診所監控顯示,陳朗在路邊攔了幾次車,終於有一輛銀灰色標緻停了下來。司機按照他的請求開到了大學城附近。一下車,陳朗就走進一家叫做“香雪”的茶室。
十五分鐘後,陳朗走出茶室,徑直去十米遠處的便利店打電話,隨後攔了一輛計程車,去了“友和律師事務所”。他先在樓下踟躕,不斷觀察臨街的窗戶。兩分鐘後,他來到七葉樹的後方,走向後巷,消失在公安的監控裡。
從律所裡的監控看,陳朗由後門進入走廊,上樓來到唯一沒鎖門的大會議室。他急匆匆地脫下外套,擼起袖子,用注射器往血管裡推入滿滿一管紅棕色液體。緊接著他蜷縮起來,像一隻西瓜蟲,靜靜地趴在桌子上。直到兩個小時後,孫友言發現了他。
刑偵大隊的鄭賀展中隊長指出,陳朗當夜的行動有三處沒有確證。一是在“香雪”茶室做了什麼;二是律所後巷和後門都沒有監控,陳朗是否在此發生過什麼;最重要的一個疑問是——他的注射器和海洛因從哪裡來。
鄭隊長帶隊突襲“香雪”茶室,從儲藏室的一個盛植脂末的罐子裡搜出兩支針管。經檢驗,針管上的成分不僅有甲基苯丙胺,還有好幾個人的DNA。
毫無疑問,這是個毒窩。
老闆在審訊室裡抵抗了兩個晝夜,終於承認“香雪”茶室其實是一個毒品中轉站。“顧客”自行聯絡毒販,毒販派人將毒品送往茶室,“顧客”按約定好的時間來取貨。
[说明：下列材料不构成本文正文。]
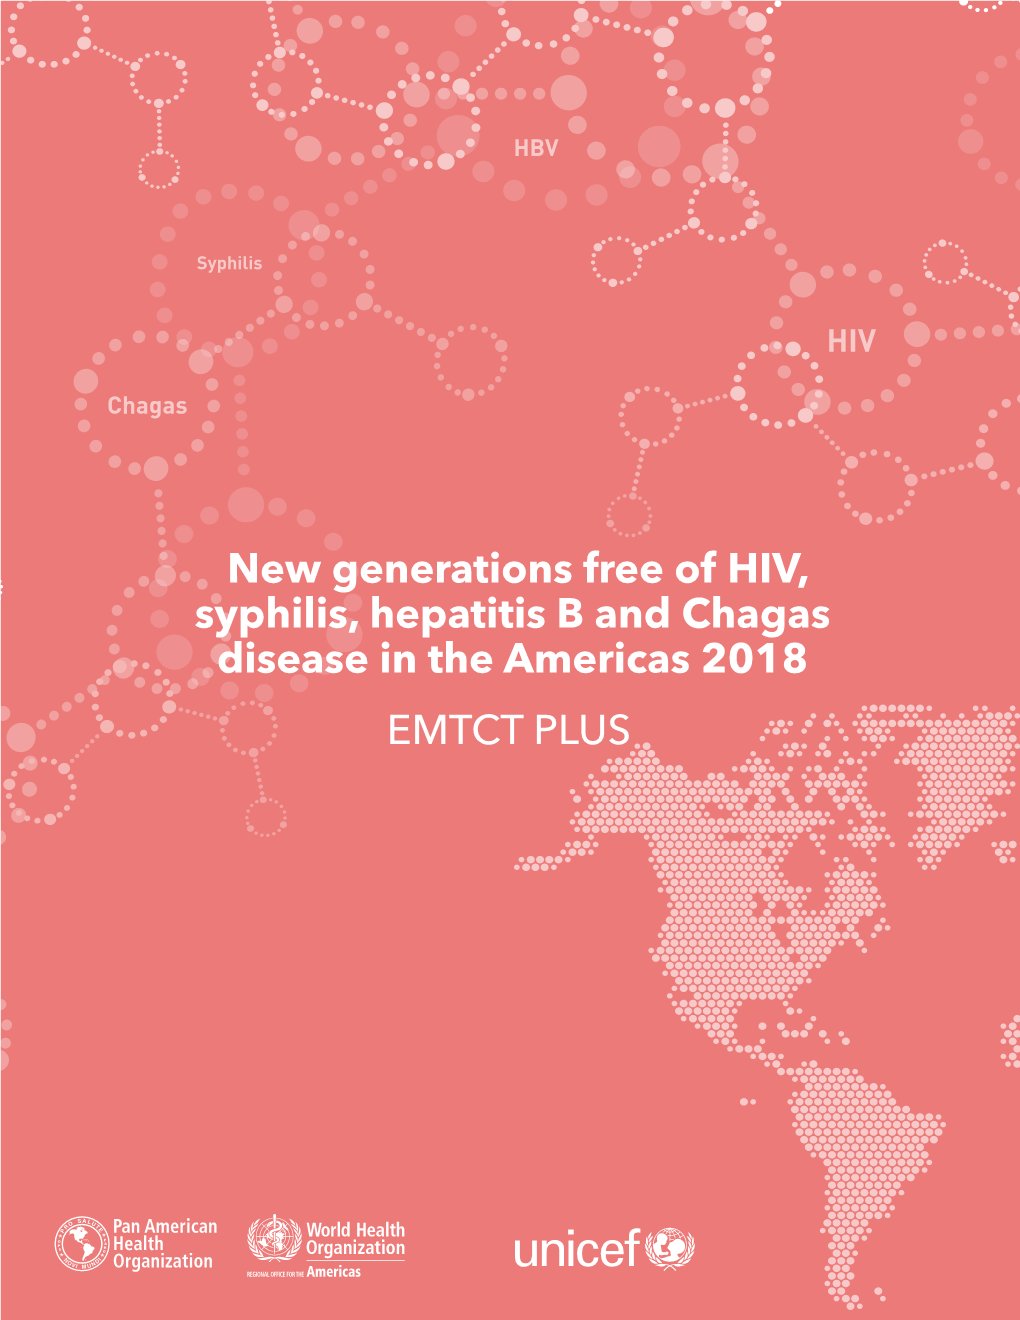 New Generations Free of HIV, Syphilis, Hepatitis B and Chagas Disease in the Americas 2018 EMTCT PLUS

儘管老闆再三宣告不準在茶室裡吸食毒品,但總有“顧客”耐不住癮,在前臺發起瘋來。於是老闆常備幾支針管,供他們取用。
陳朗是這裡的常客。那天夜裡,他走進茶室,懇求老闆給他一點點“豬肉”(即冰毒)。老闆拒絕了,因為陳朗既沒有提前預定,身上也沒有帶錢。但陳朗的樣子太可怖,把買奶茶的學生們嚇得不輕。老闆擔心暴露,就讓他去儲藏室待著,那裡有注射器和老闆自留的海洛因。幾分鐘後,老闆打發走學生,進儲藏室找陳朗。沒想到陳朗已經不辭而別了。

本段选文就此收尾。